Action item
Each line of the listing below must be retyped exactly, with images left out.

Available data
___

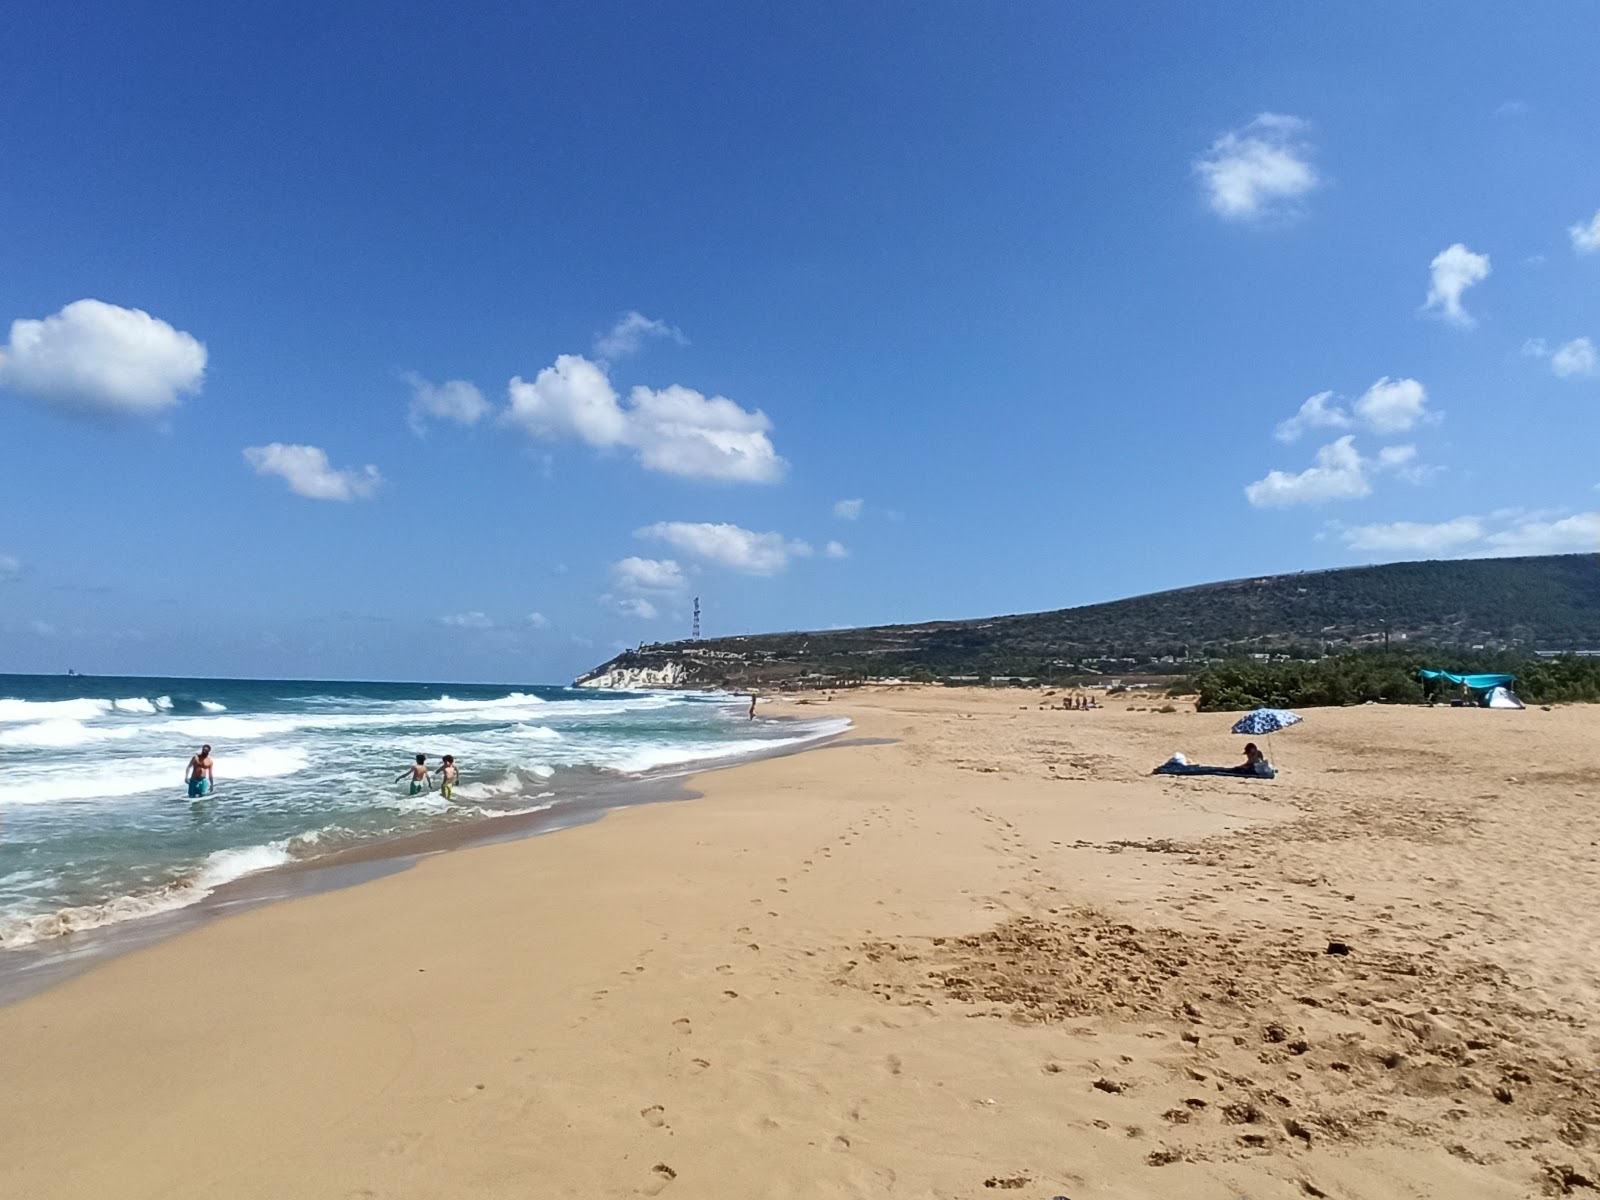 Fotografija Yefet's beach priljubljeno mesto med poznavalci sprostitve
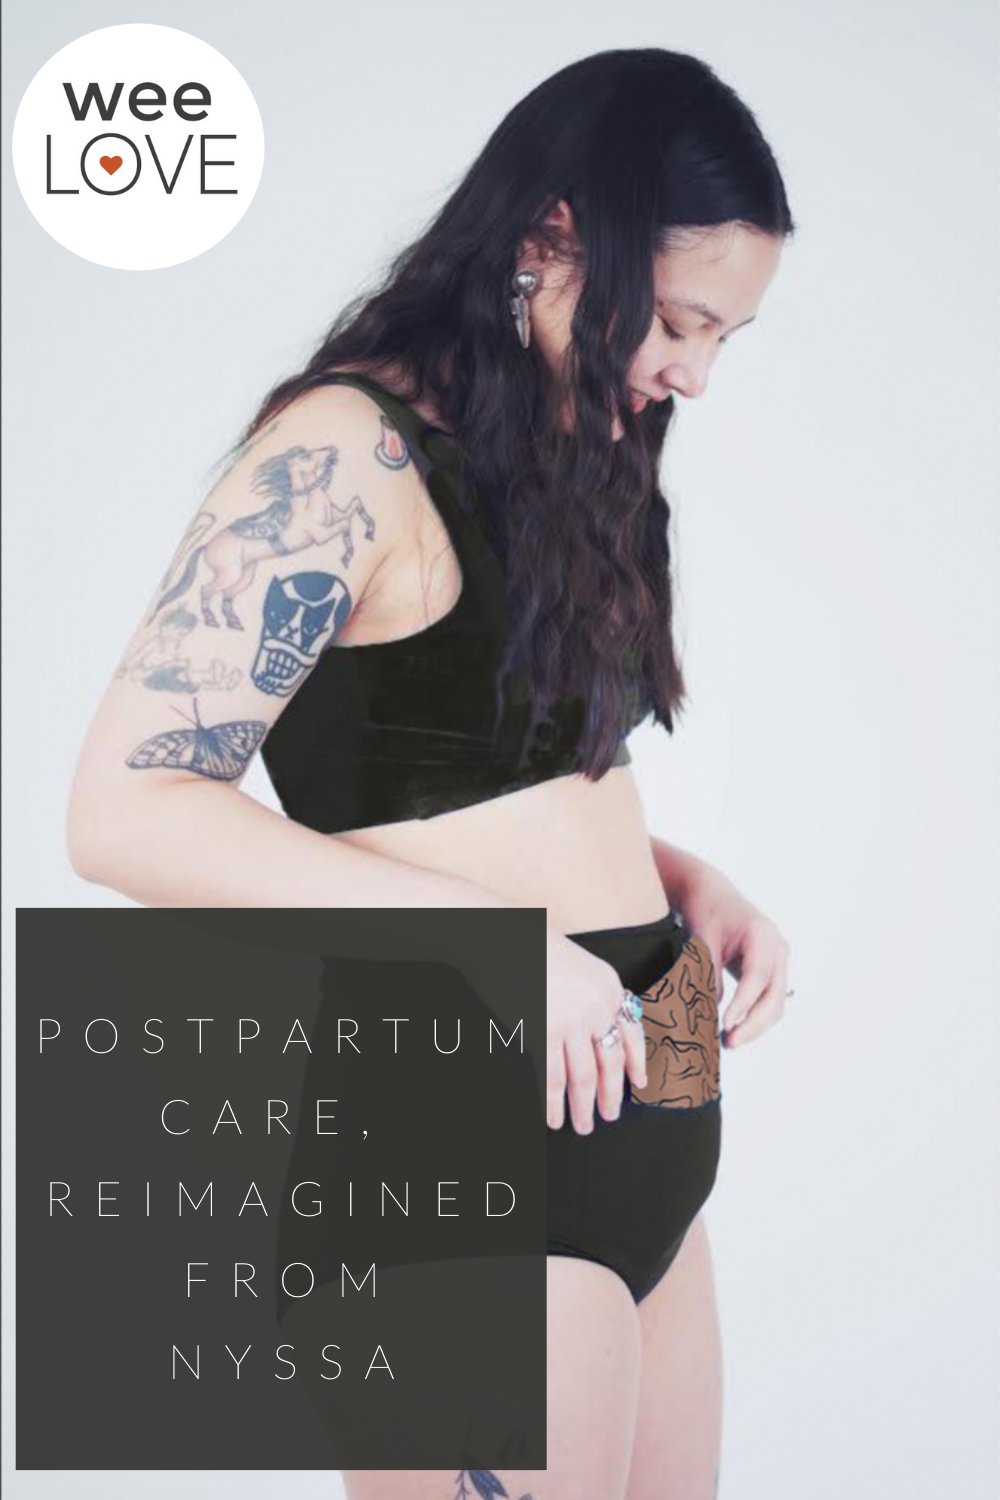 Fourthwear™ Postpartum Underwear
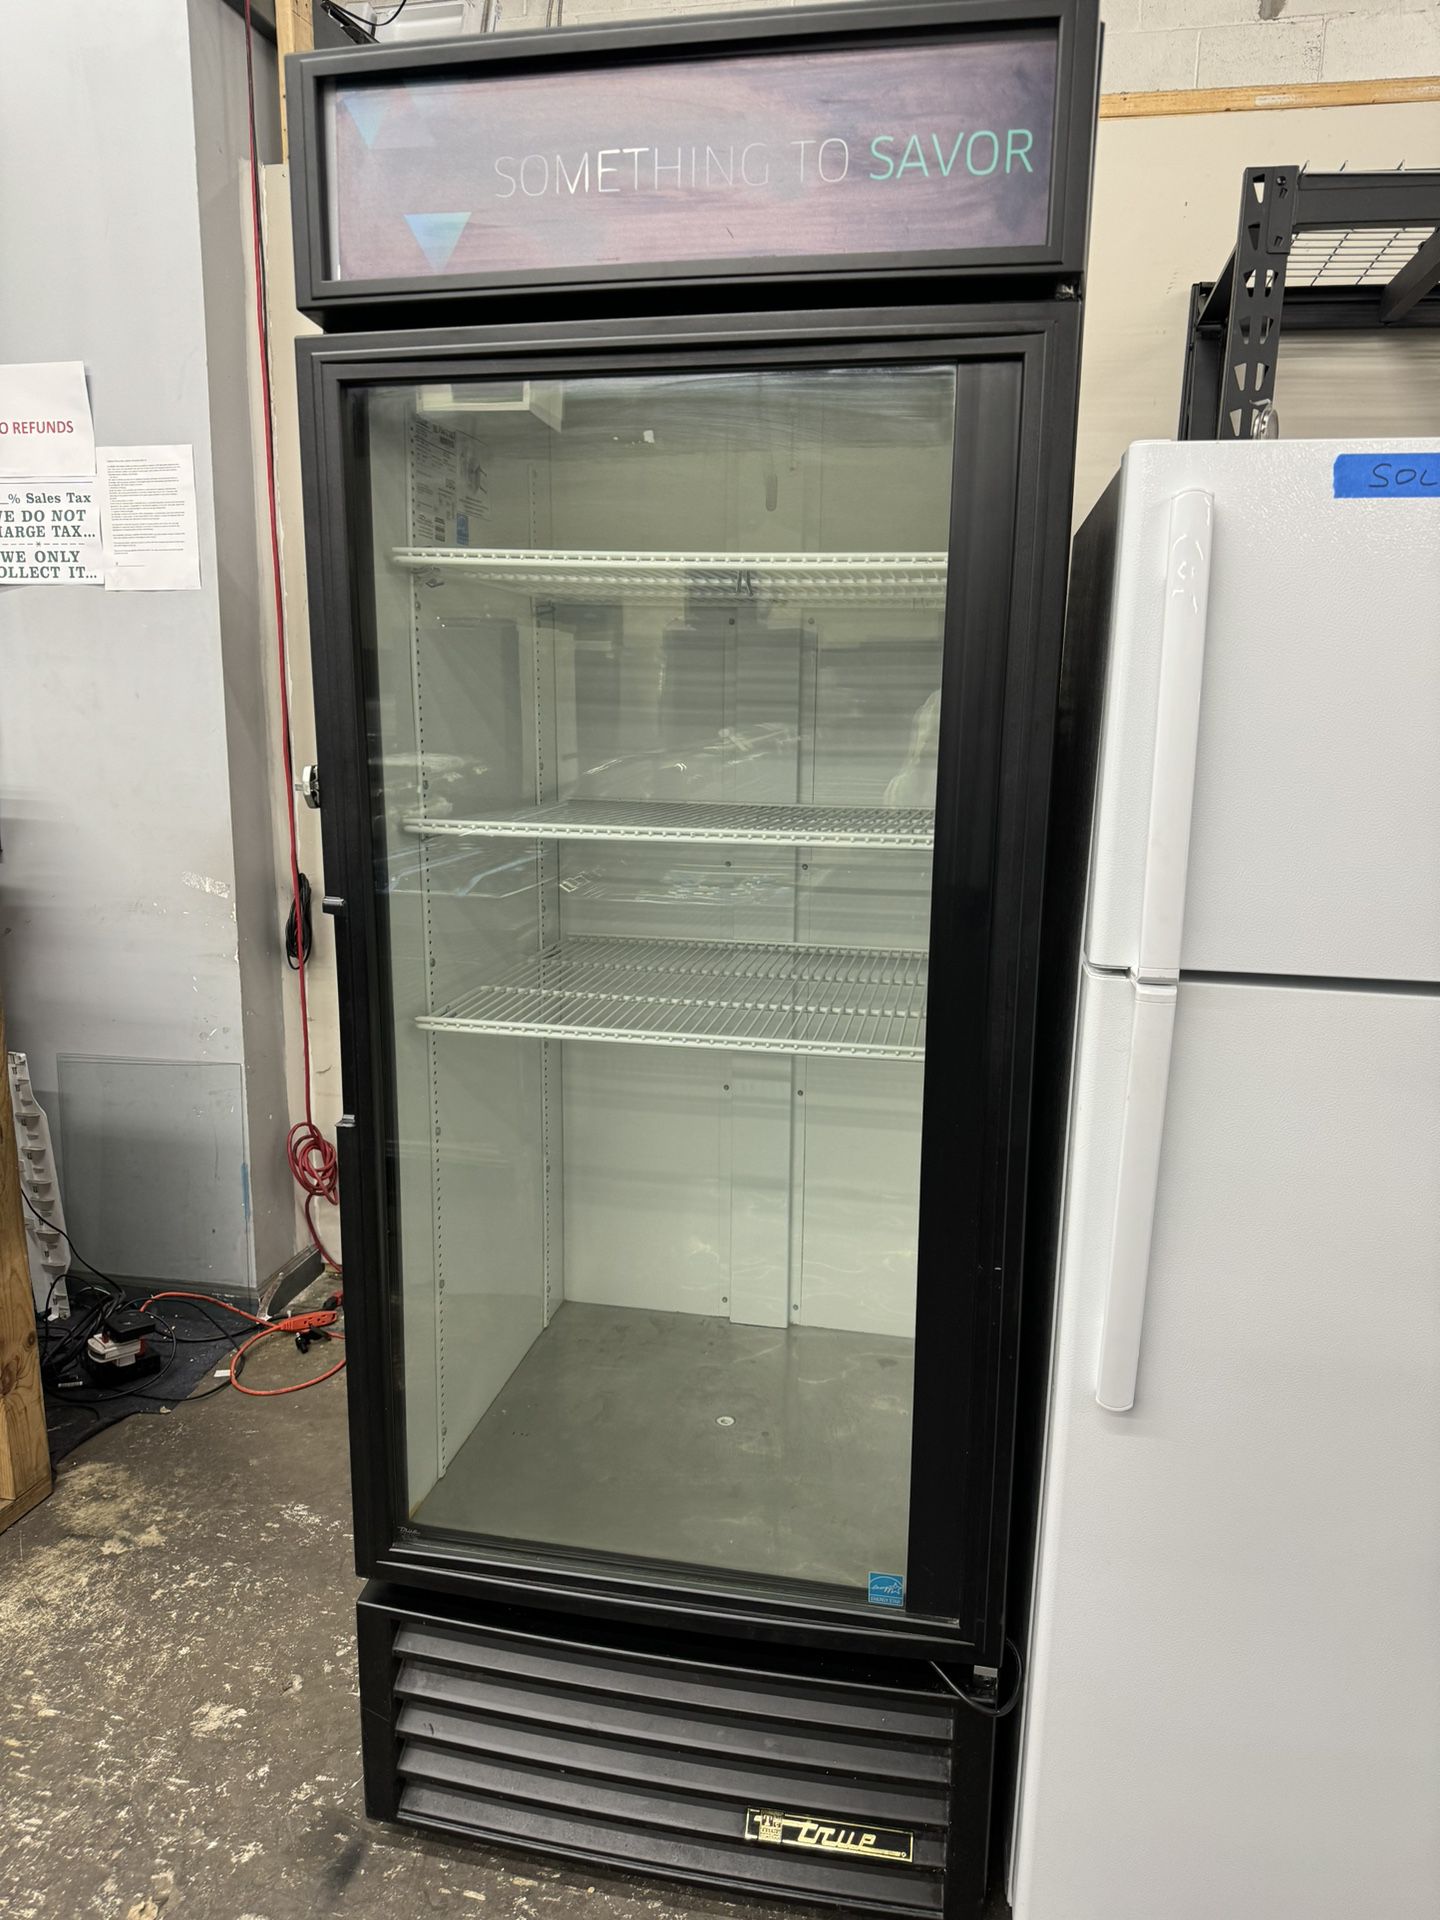 True Commercial Refrigerator

___

Output for this exercise
 Fotografija Yefet's beach priljubljeno mesto med poznavalci sprostitve
 Fourthwear™ Postpartum Underwear
 True Commercial Refrigerator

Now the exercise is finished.